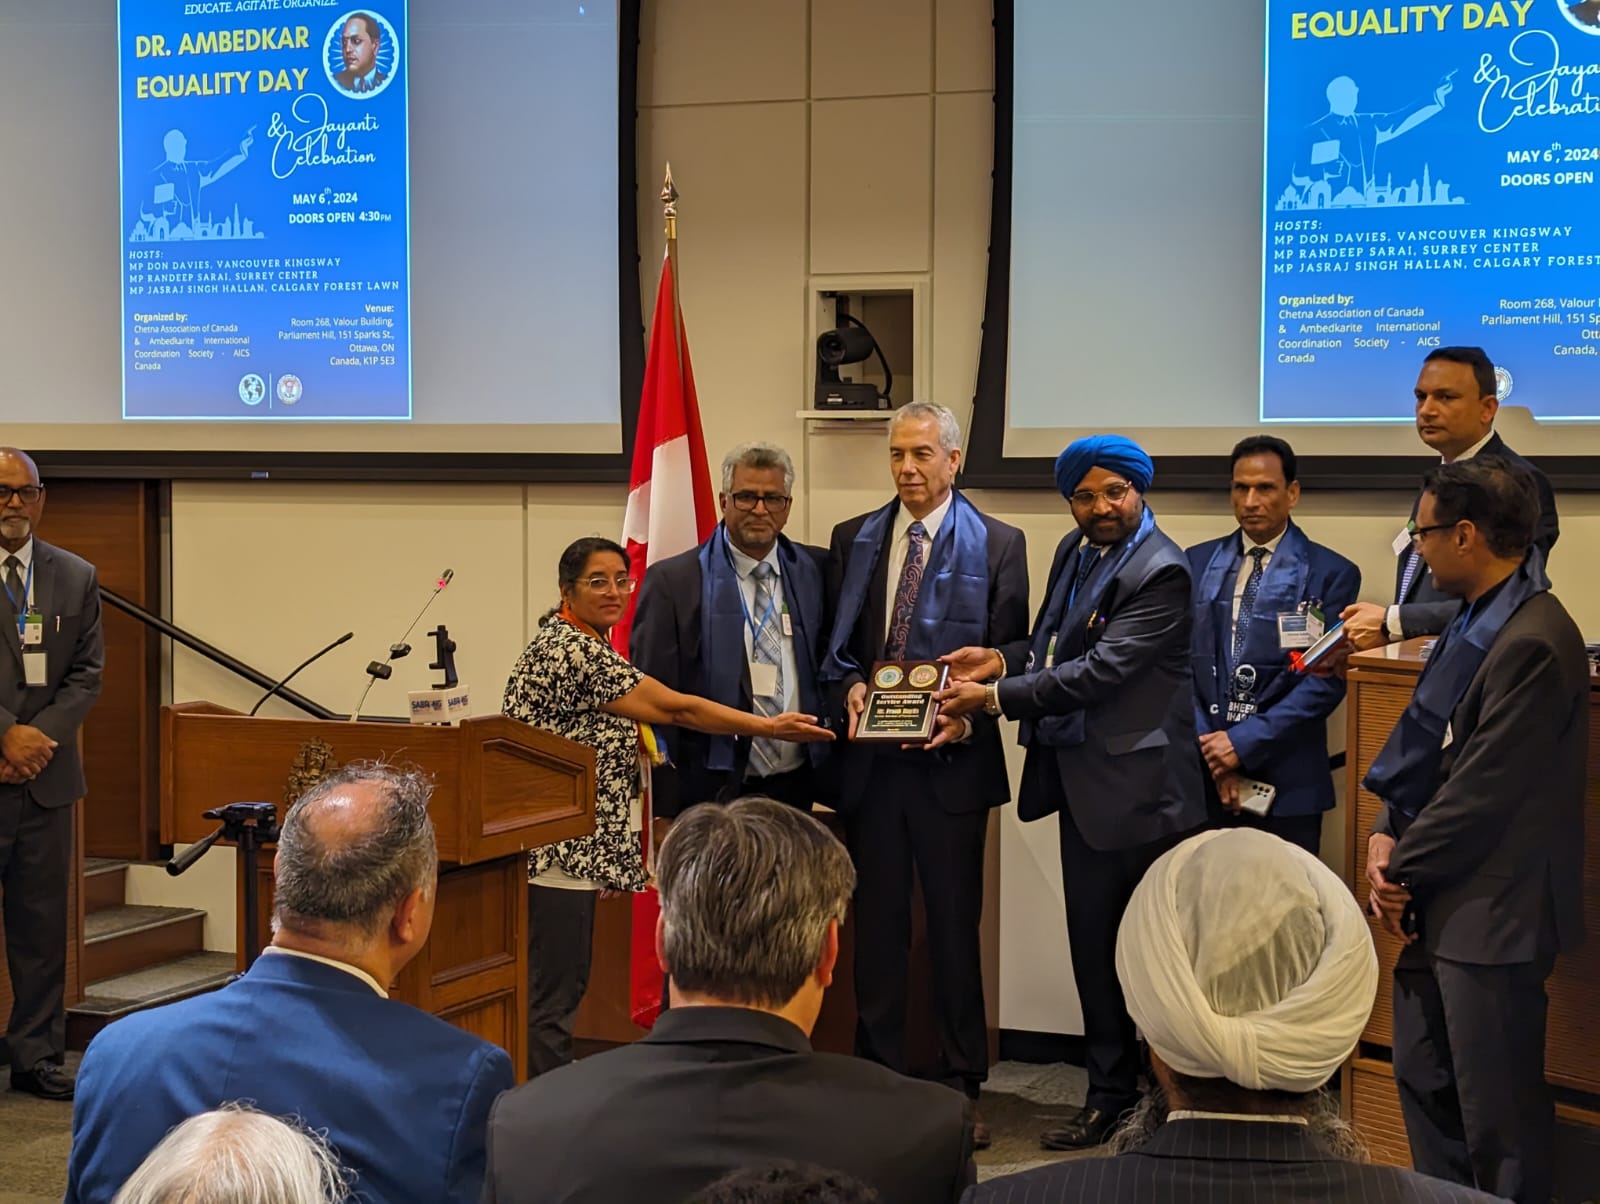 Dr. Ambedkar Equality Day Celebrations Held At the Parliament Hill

* * *

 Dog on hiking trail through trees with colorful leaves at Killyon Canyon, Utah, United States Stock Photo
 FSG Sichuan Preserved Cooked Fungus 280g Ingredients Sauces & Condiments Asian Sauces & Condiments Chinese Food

--

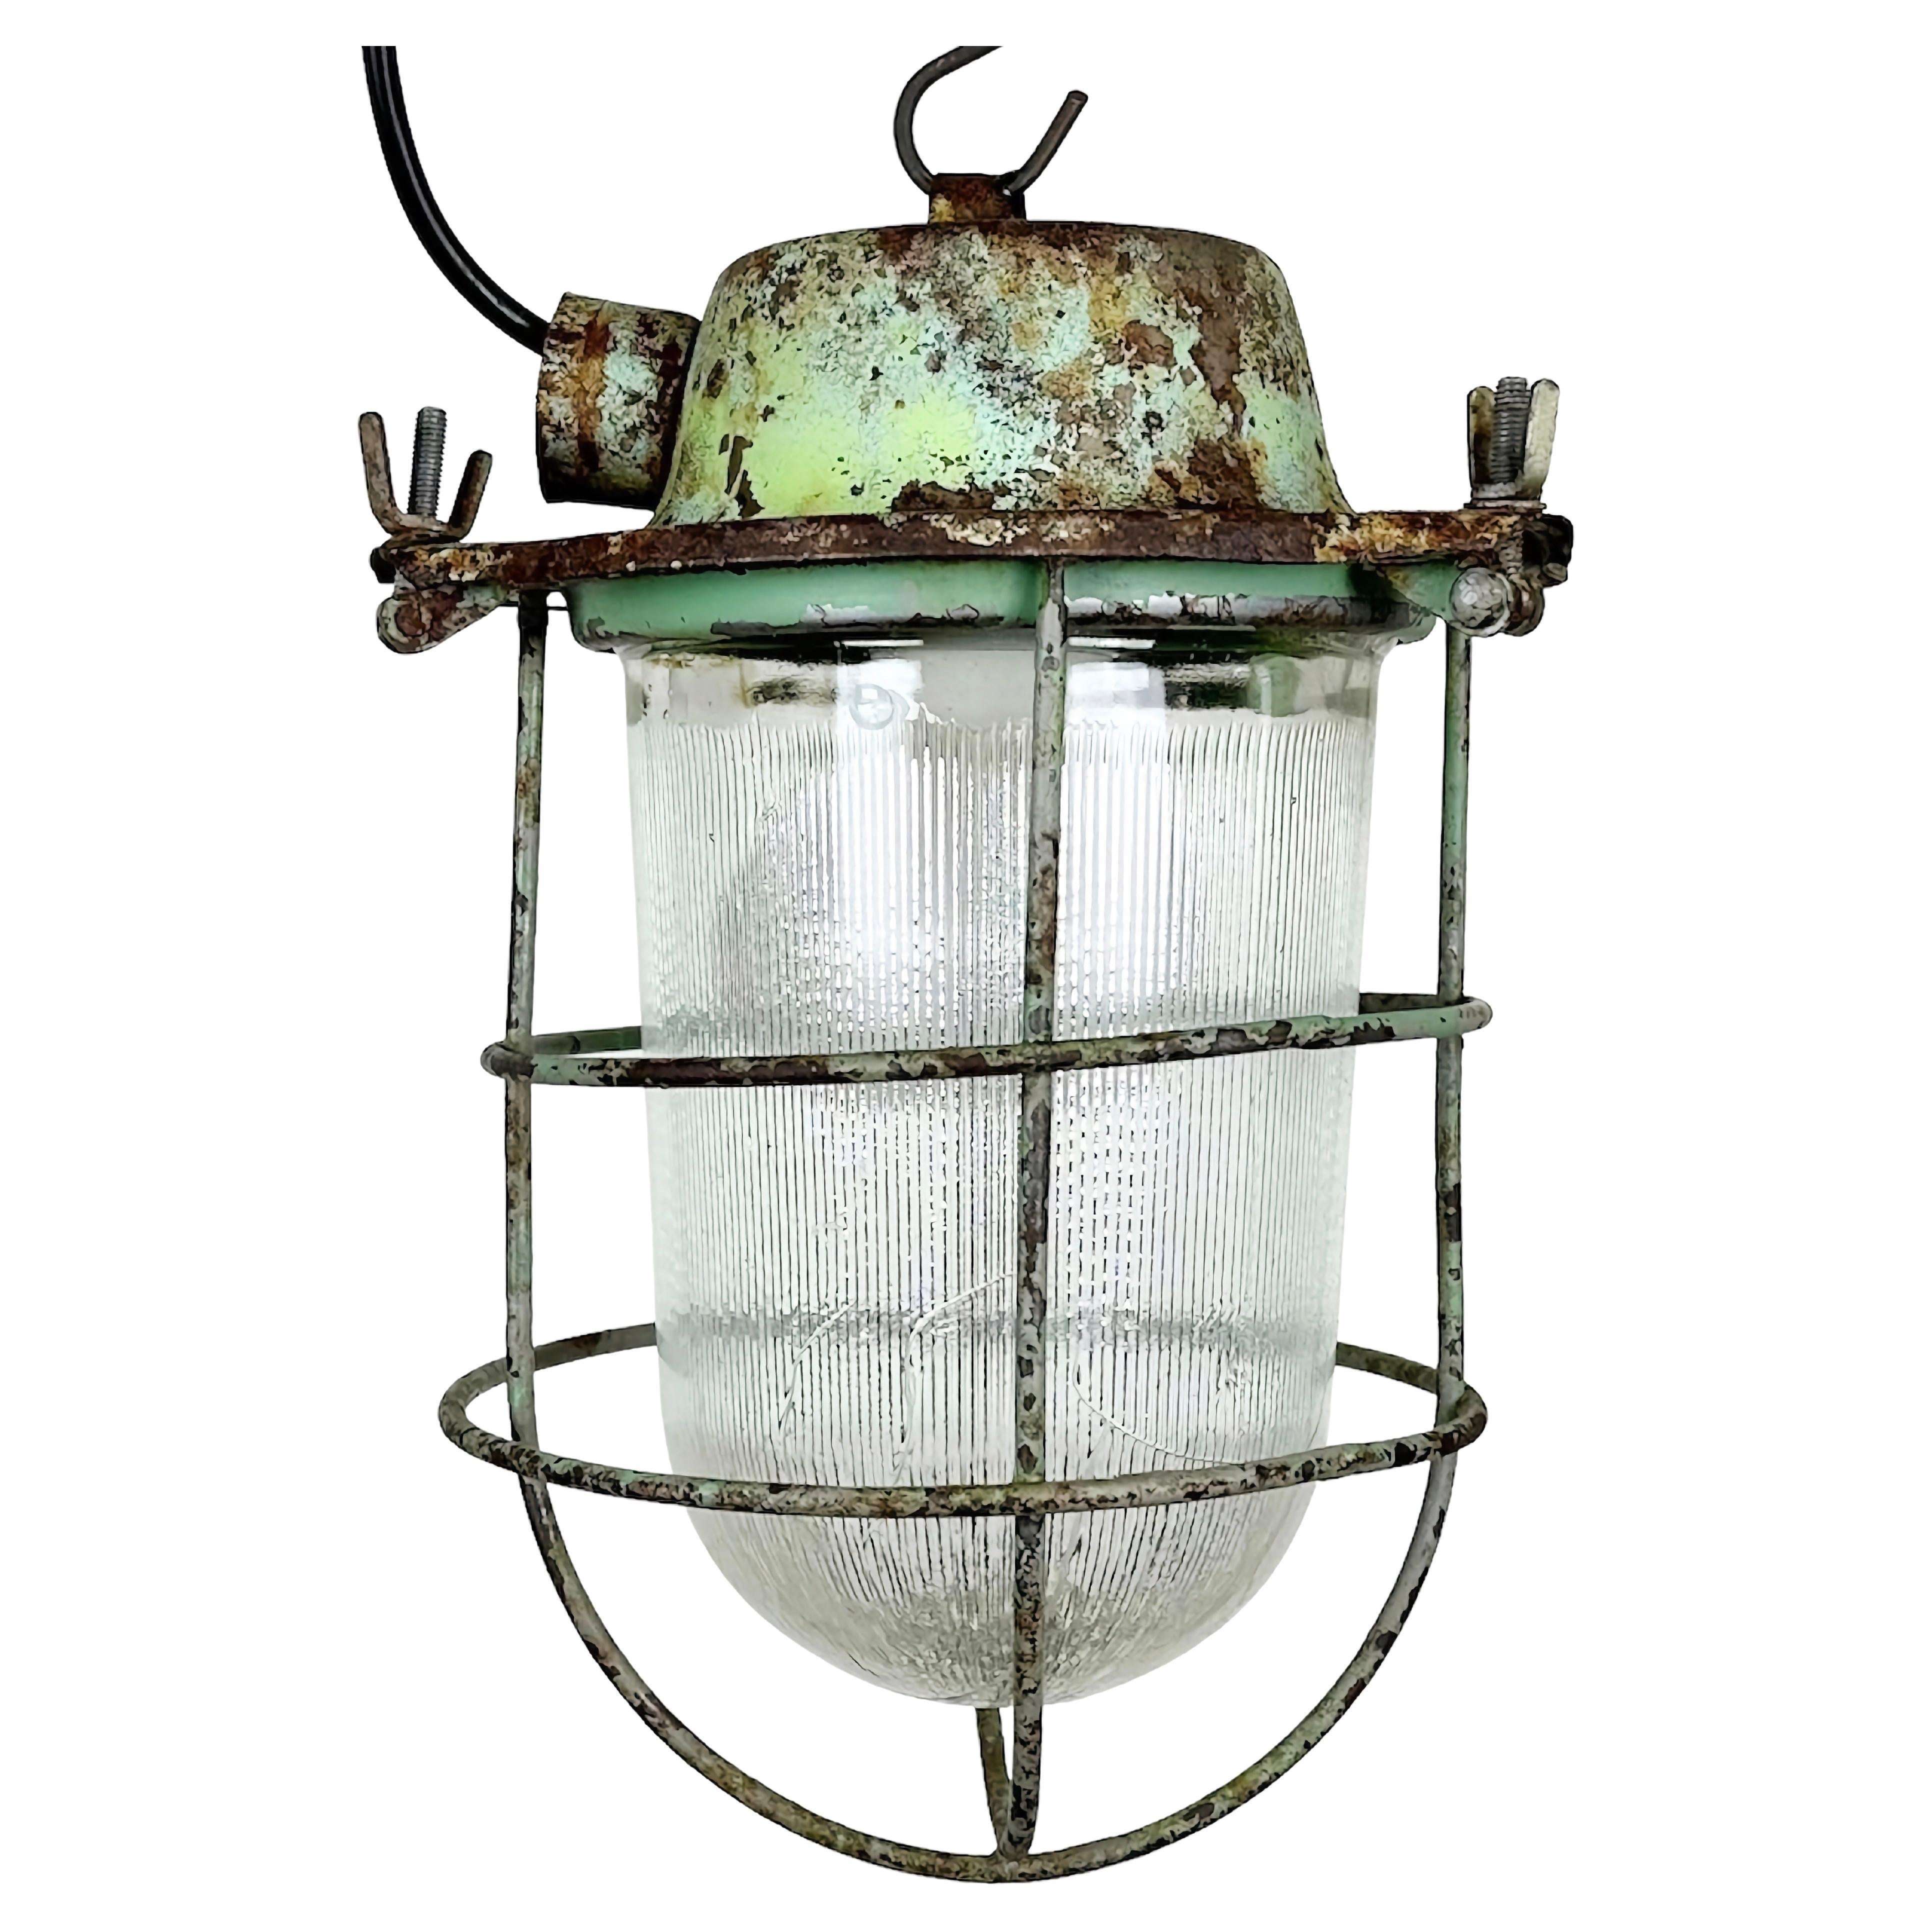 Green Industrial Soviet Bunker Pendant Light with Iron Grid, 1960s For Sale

Exercise aim: Would you output, from the records above, exactly the run of lines that starts at the line containing "Dog on hiking" and ends at the line containing "FSG Sichuan Preserved", and only that run?

Response box:
 Dog on hiking trail through trees with colorful leaves at Killyon Canyon, Utah, United States Stock Photo
 FSG Sichuan Preserved Cooked Fungus 280g Ingredients Sauces & Condiments Asian Sauces & Condiments Chinese Food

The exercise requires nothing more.